> [Assigned task]:
From the first line of the listing below through the line with "<MUSO Culture Festival>のメイン会場がバーチャル大中寺に変更!Kaoru", transcribe exactly and skip the pictures.

> [Exercise data]:
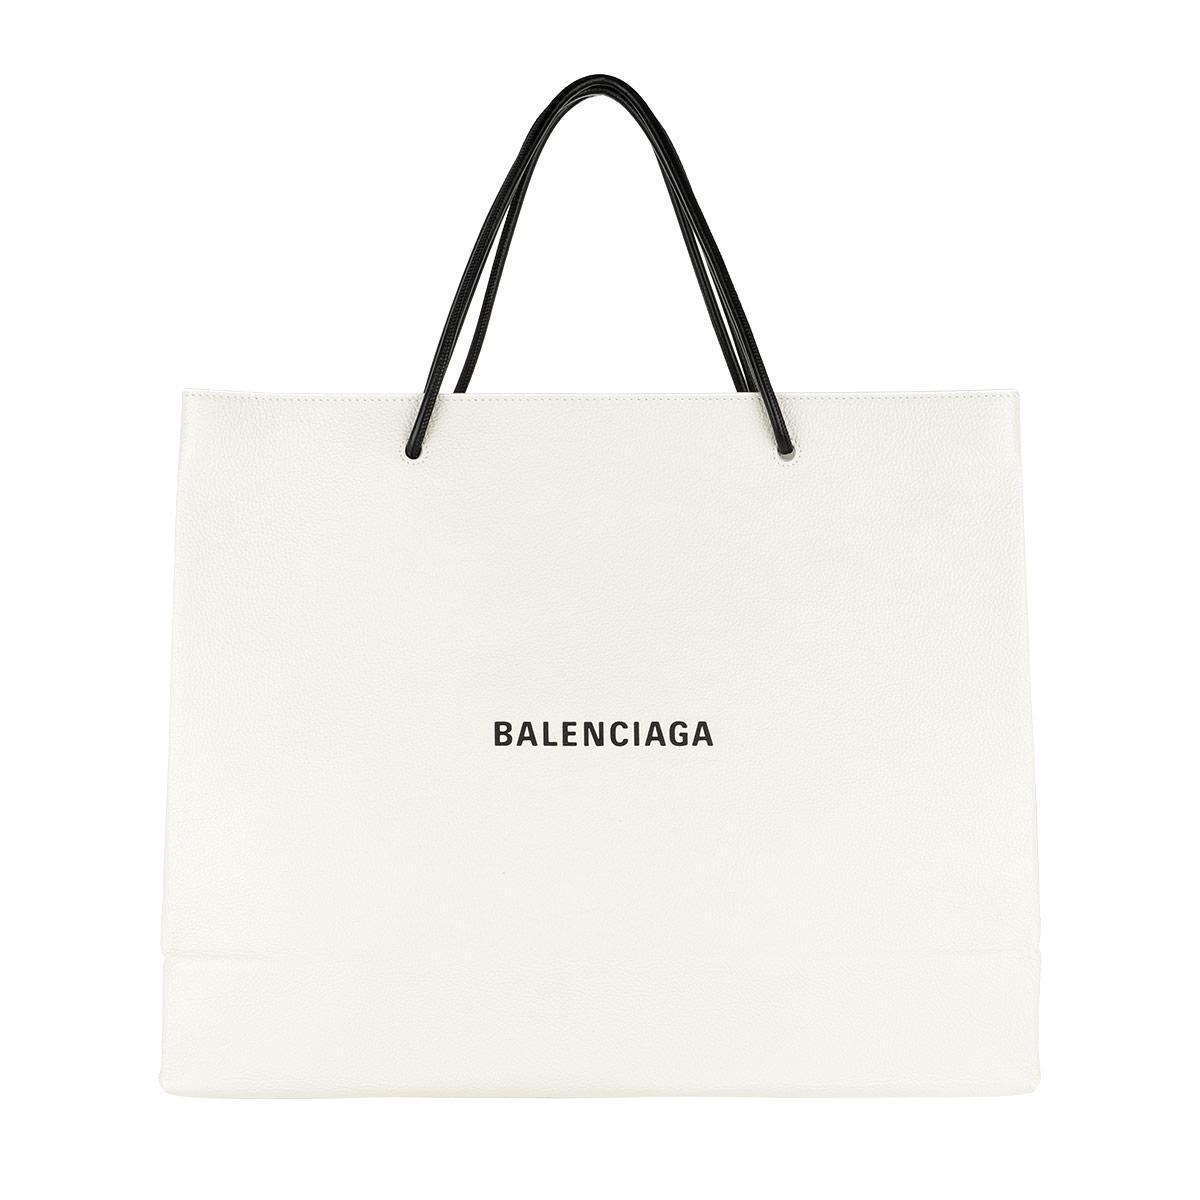 Balenciaga Shopper - Classic City Arena Fettuccia Cerata Tote White - in weiß - für Damen
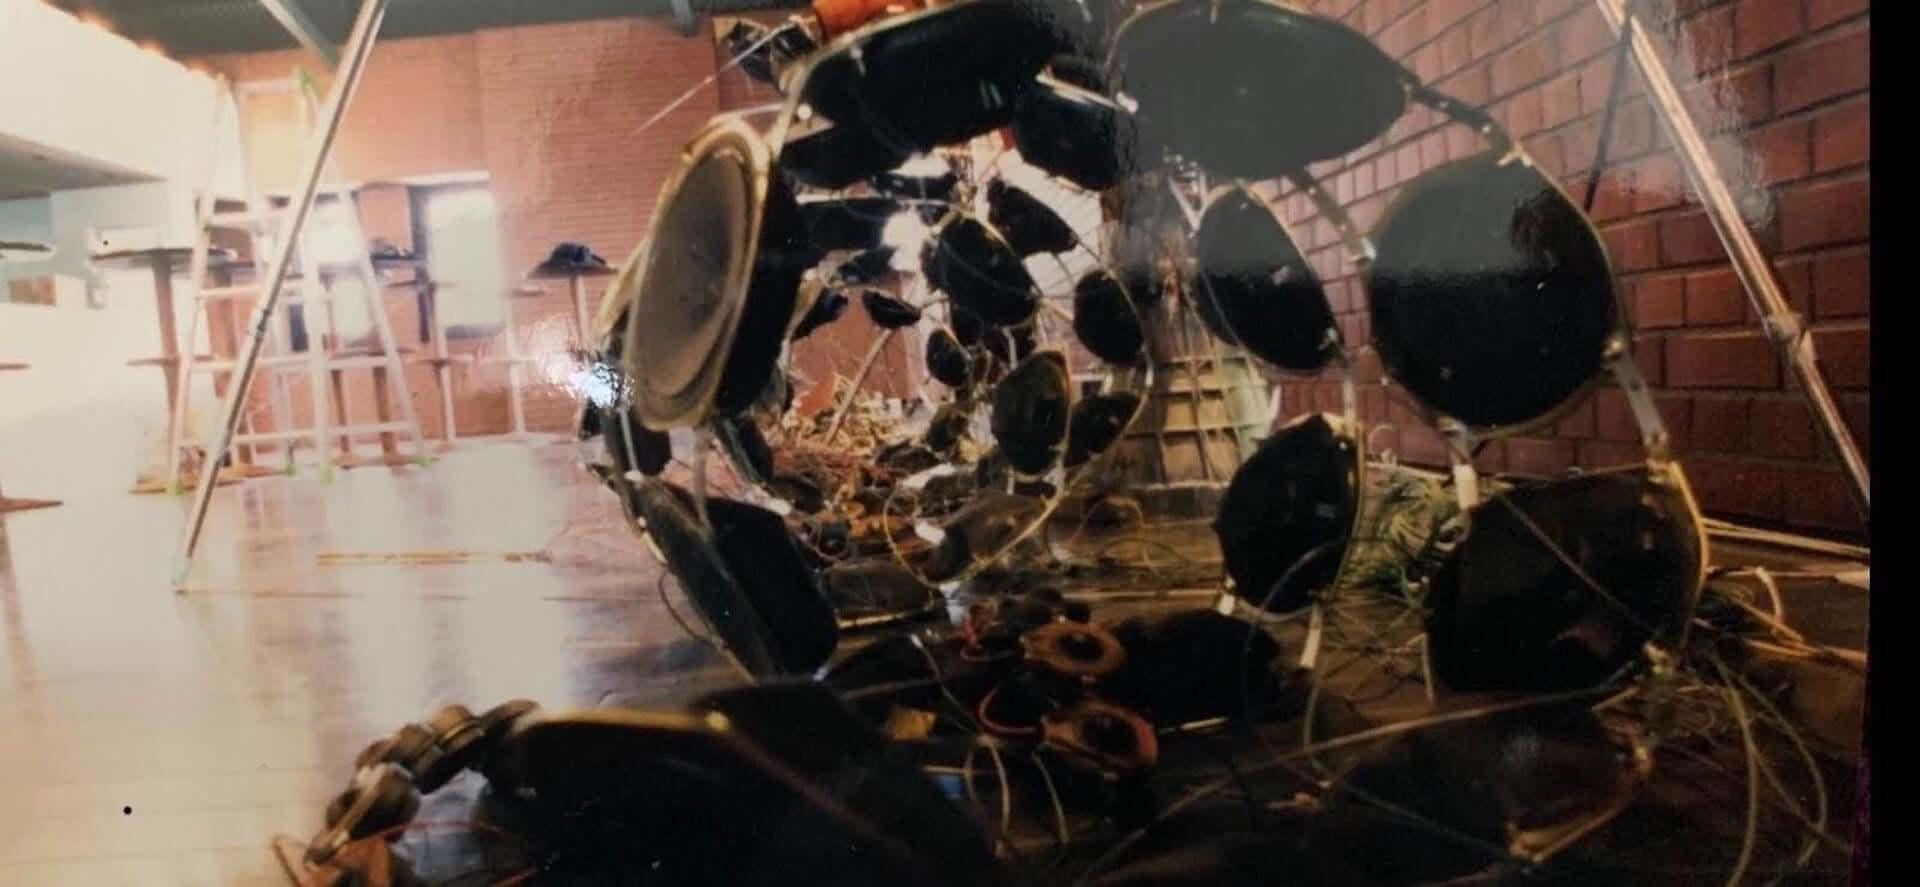 <MUSO Culture Festival>のメイン会場がバーチャル大中寺に変更!Kaoru Inoue、ELLI ARAKAWAらのスペシャルミックスも公開決定 music210129_muso-festival_10-1920x887
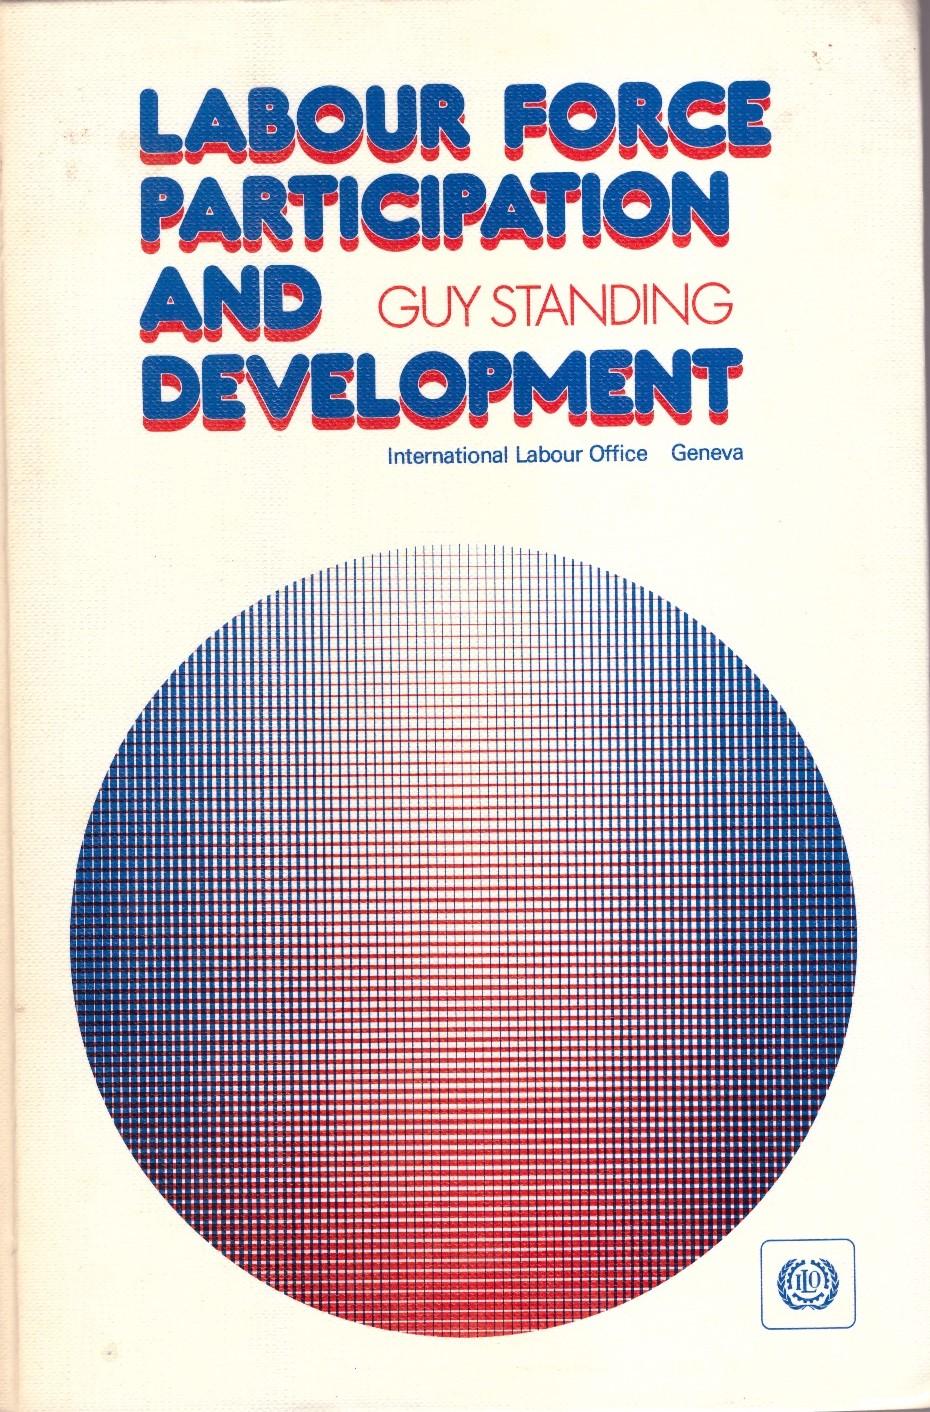 Labour Force Participation and Development  (Geneva: ILO, 1978; 2nd edn., 1981, reprinted 1982).   Details

> [Task solution]:
 Balenciaga Shopper - Classic City Arena Fettuccia Cerata Tote White - in weiß - für Damen
 <MUSO Culture Festival>のメイン会場がバーチャル大中寺に変更!Kaoru Inoue、ELLI ARAKAWAらのスペシャルミックスも公開決定 music210129_muso-festival_10-1920x887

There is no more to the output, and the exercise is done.